▶ WORK TO BE COMPLETED: Transcribe the listing in full, excluding any pictures.

▶ DATA BELOW:
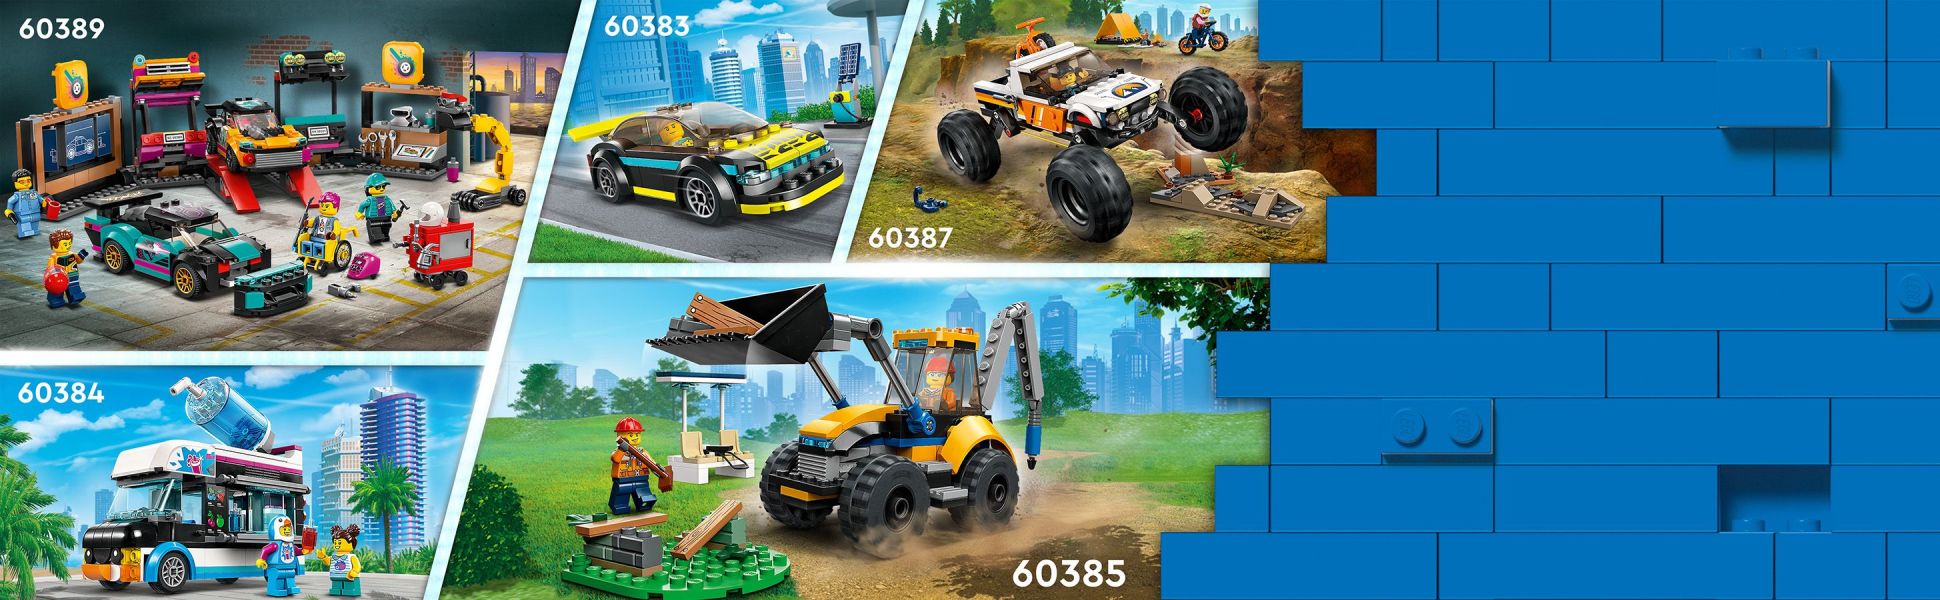 LEGO City Construction Digger 60385 Building Toy - Excavator Model  Featuring Tools and Minifigures, Vehicle Building Set for Fun Creative  Play, Birthday Gift Idea for Boys, Girls, and Kids Ages 5+ 
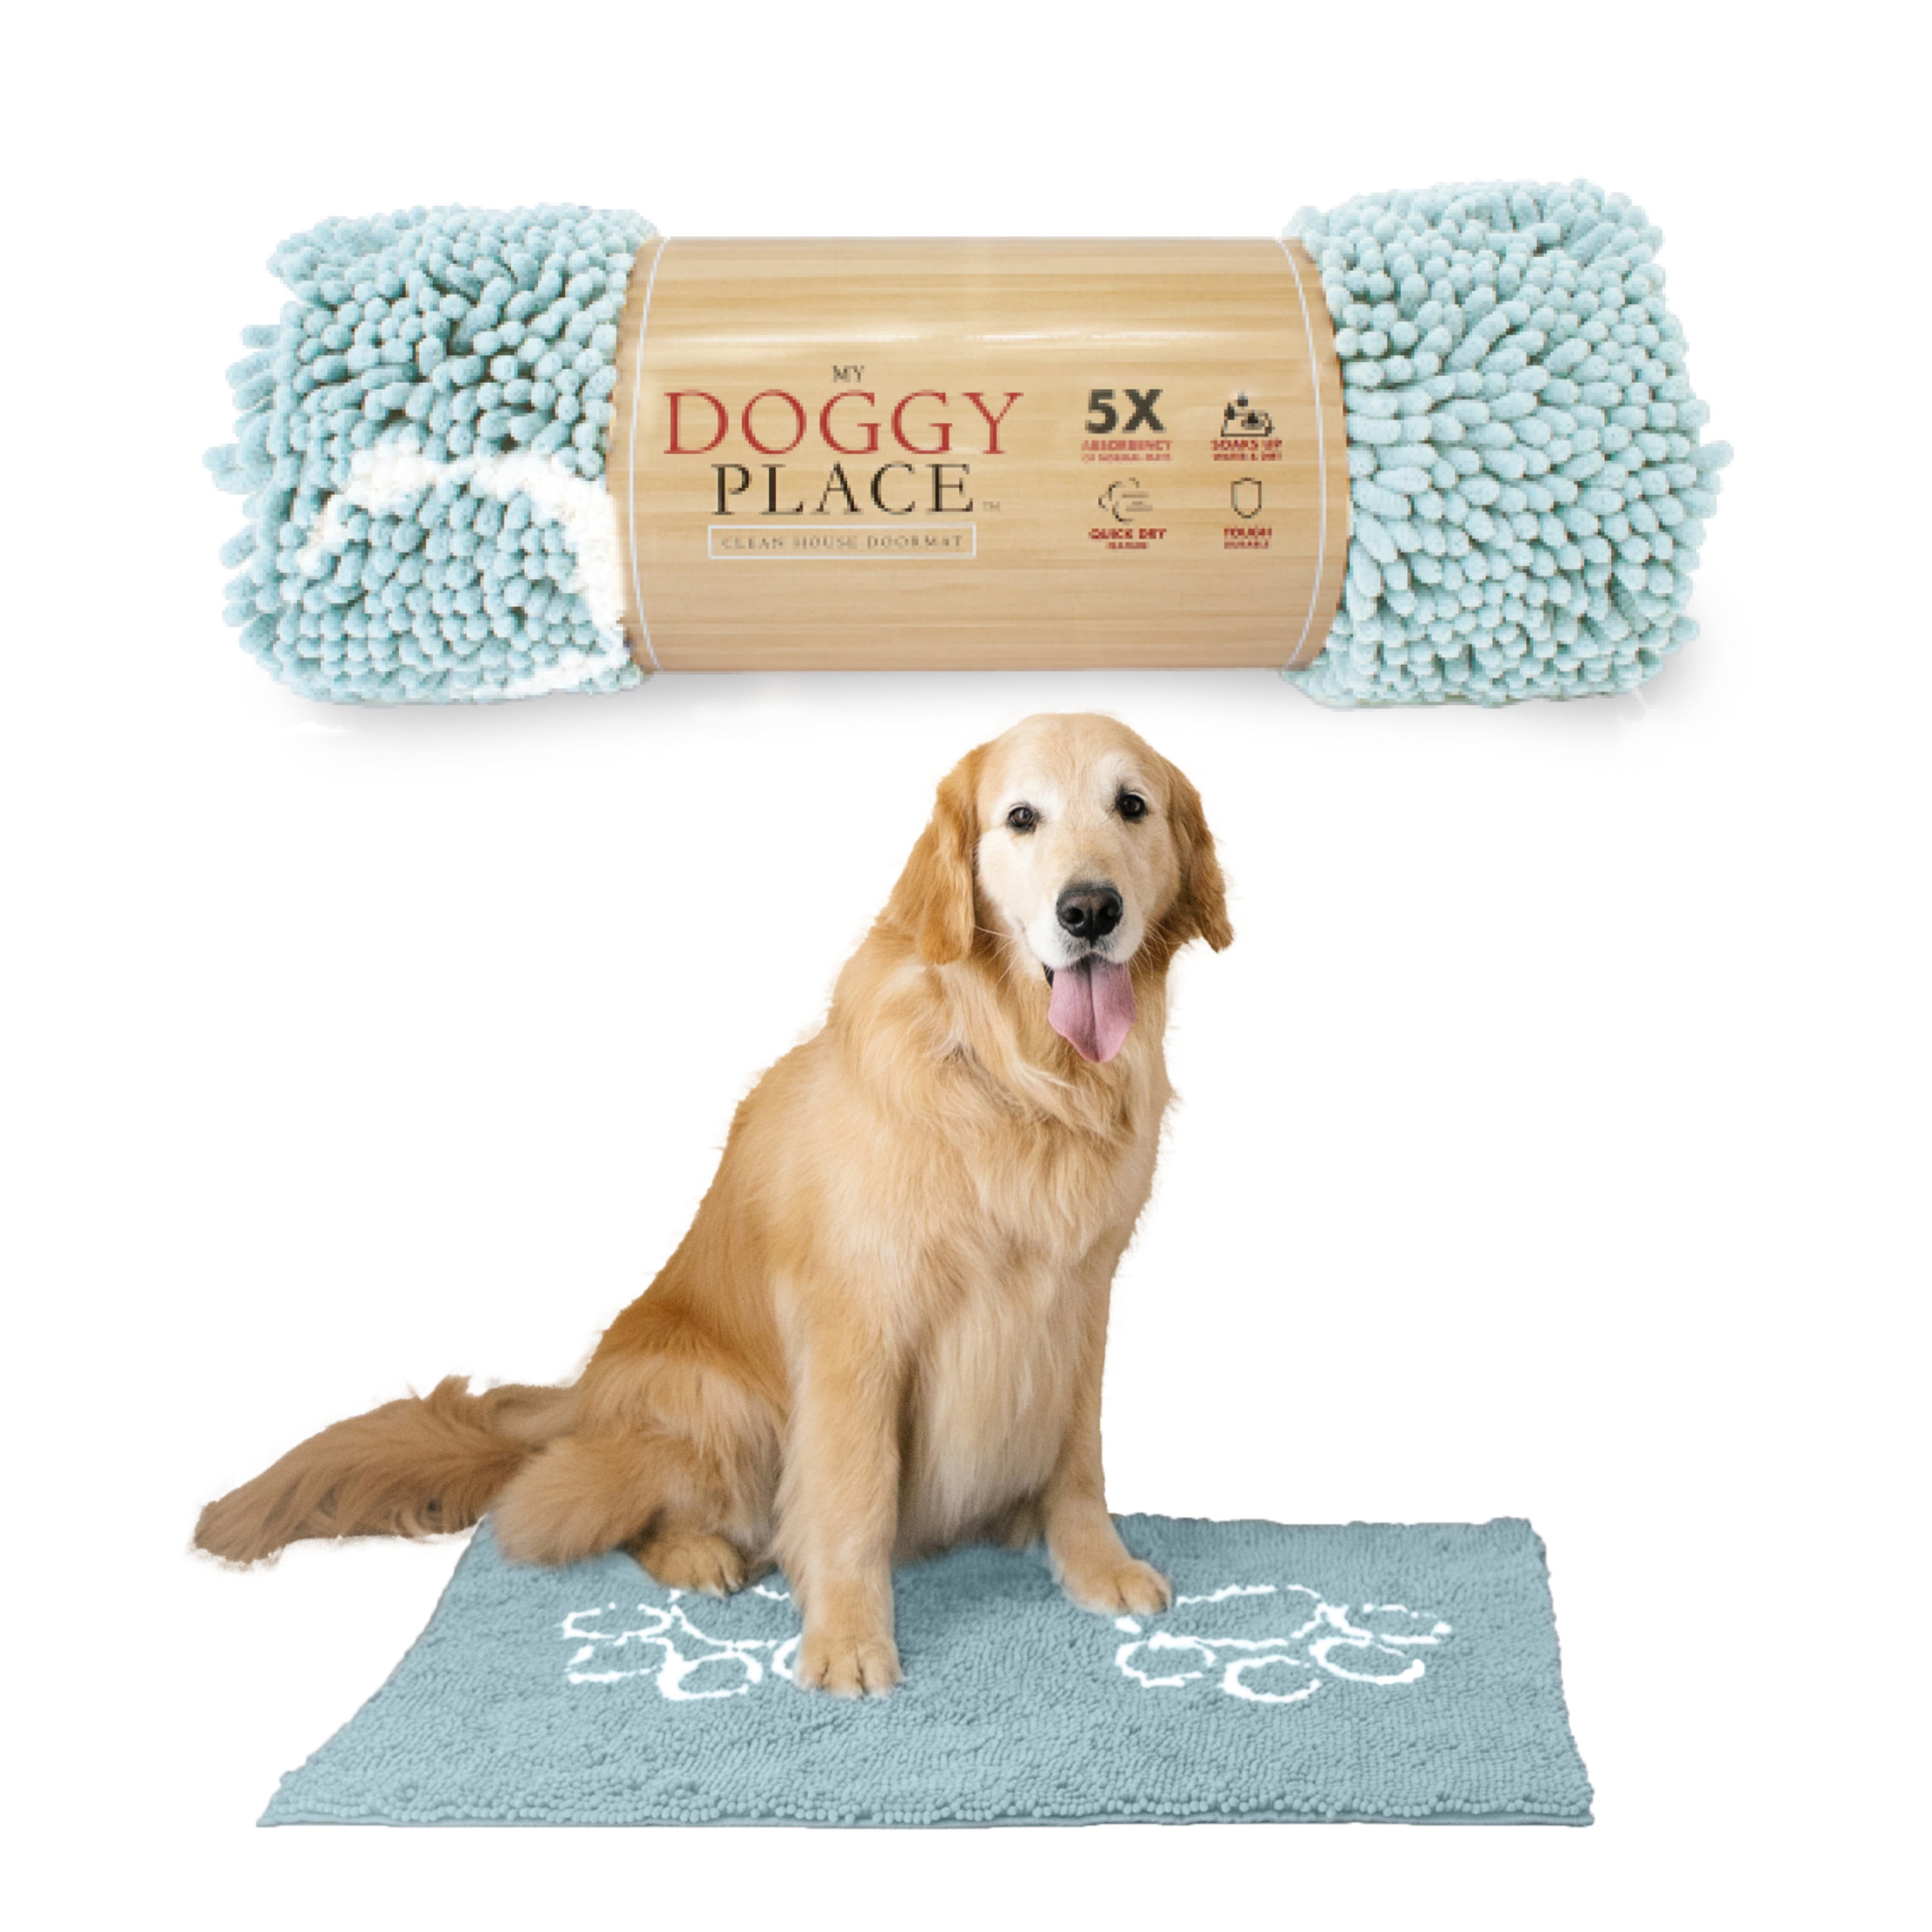 Paws Doormat Personalize Your Outdoor Dog Mat For A Muddy Paws Welcome -  Geeowl
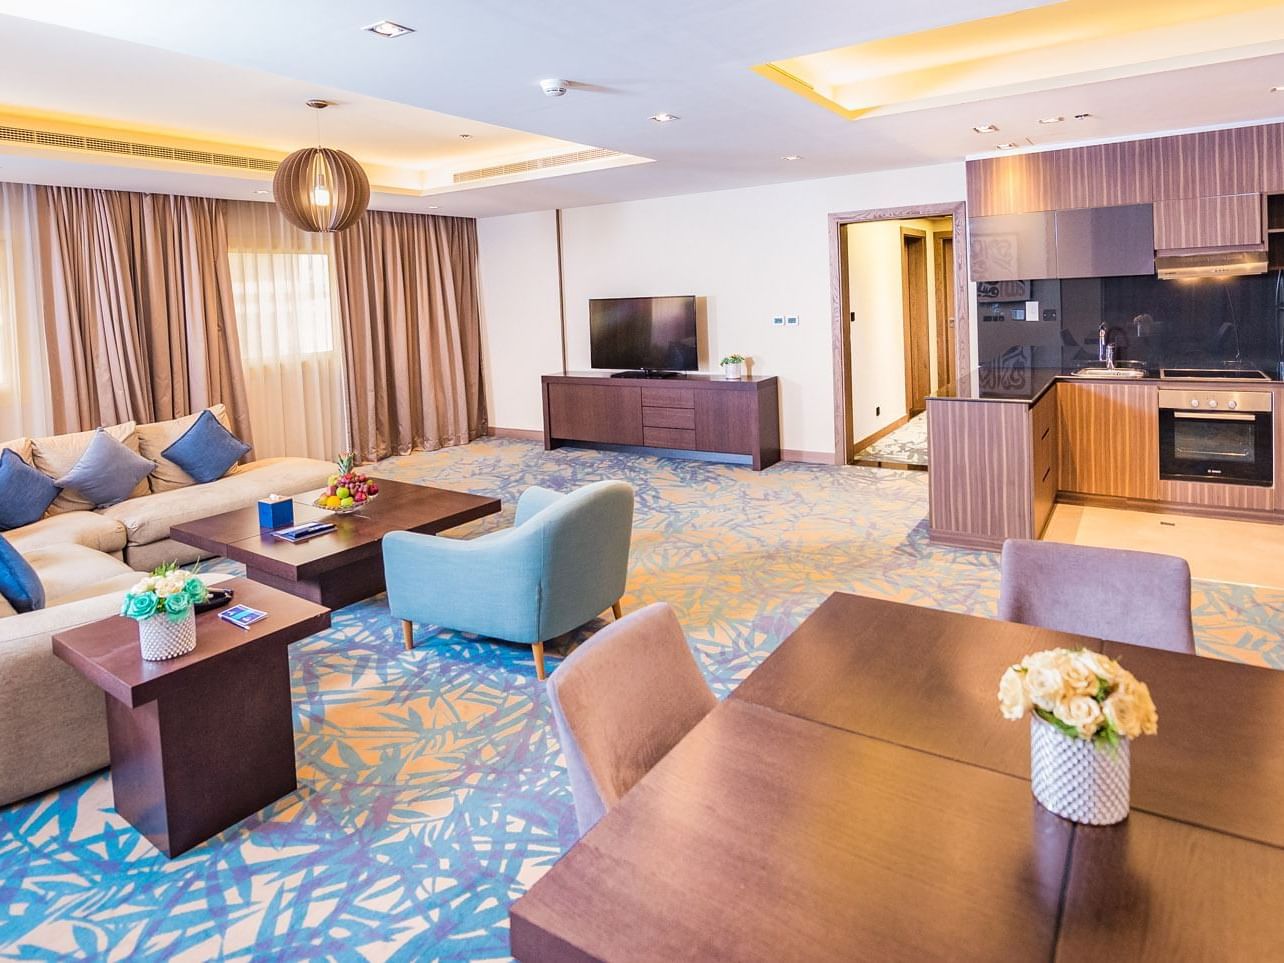 TV & Living area of Executive suite at Mena Plaza Hotel
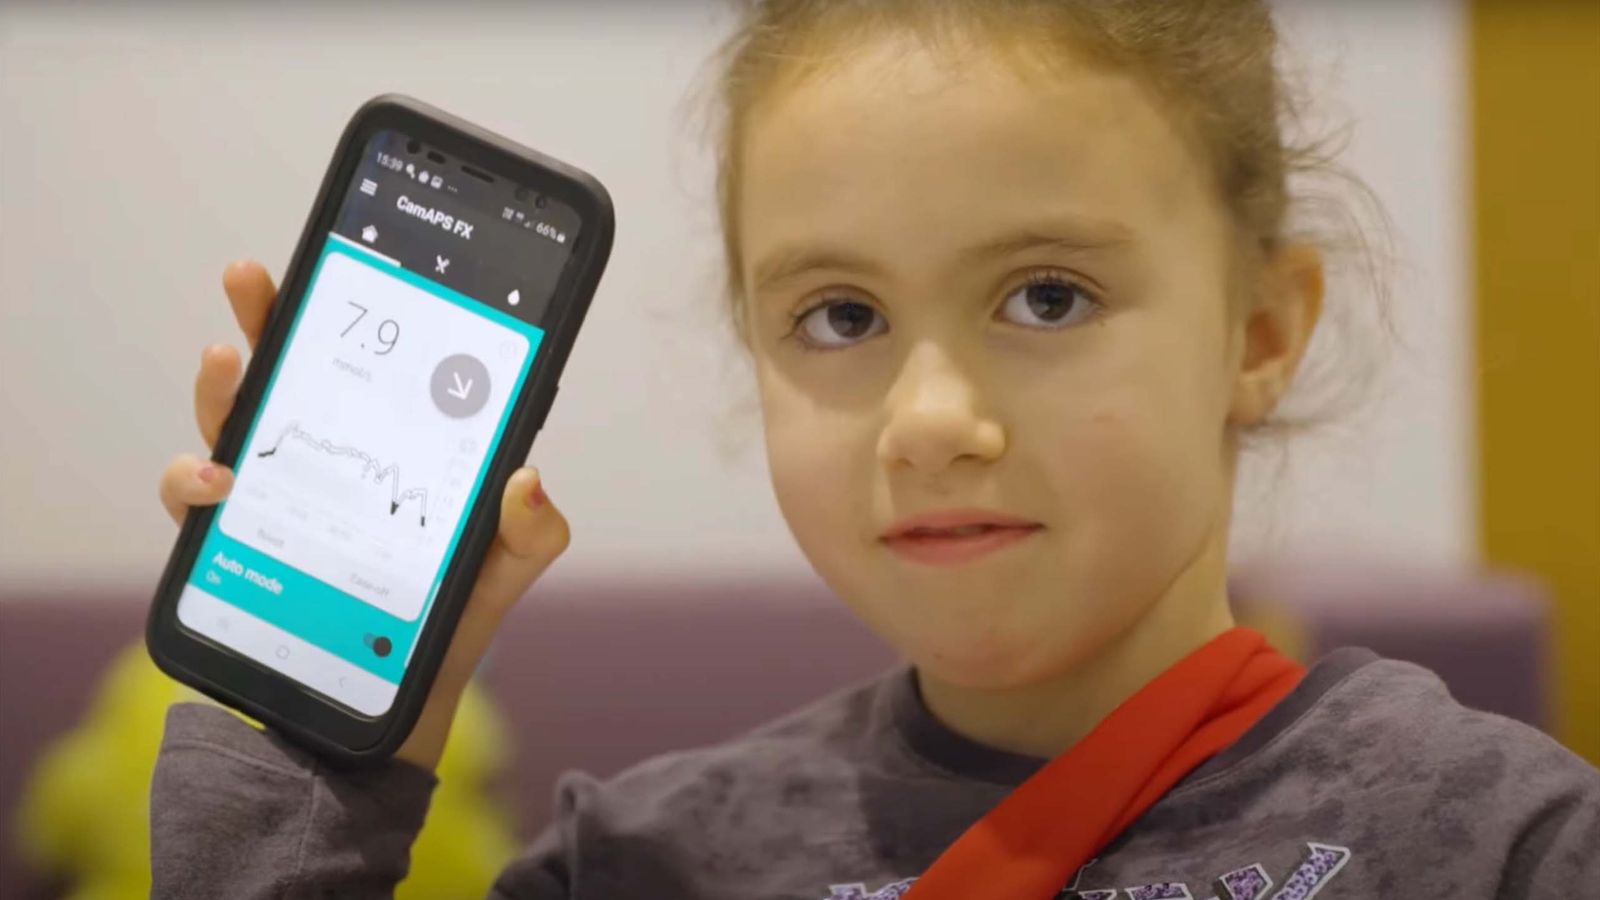 Type 1 diabetes: Artificial pancreas ‘life-changing’ for very young children, experts say | Science & Tech News

▶ TASK RESULT:
 LEGO City Construction Digger 60385 Building Toy - Excavator Model  Featuring Tools and Minifigures, Vehicle Building Set for Fun Creative  Play, Birthday Gift Idea for Boys, Girls, and Kids Ages 5+ 
 Paws Doormat Personalize Your Outdoor Dog Mat For A Muddy Paws Welcome -  Geeowl
 TV & Living area of Executive suite at Mena Plaza Hotel
 Type 1 diabetes: Artificial pancreas ‘life-changing’ for very young children, experts say | Science & Tech News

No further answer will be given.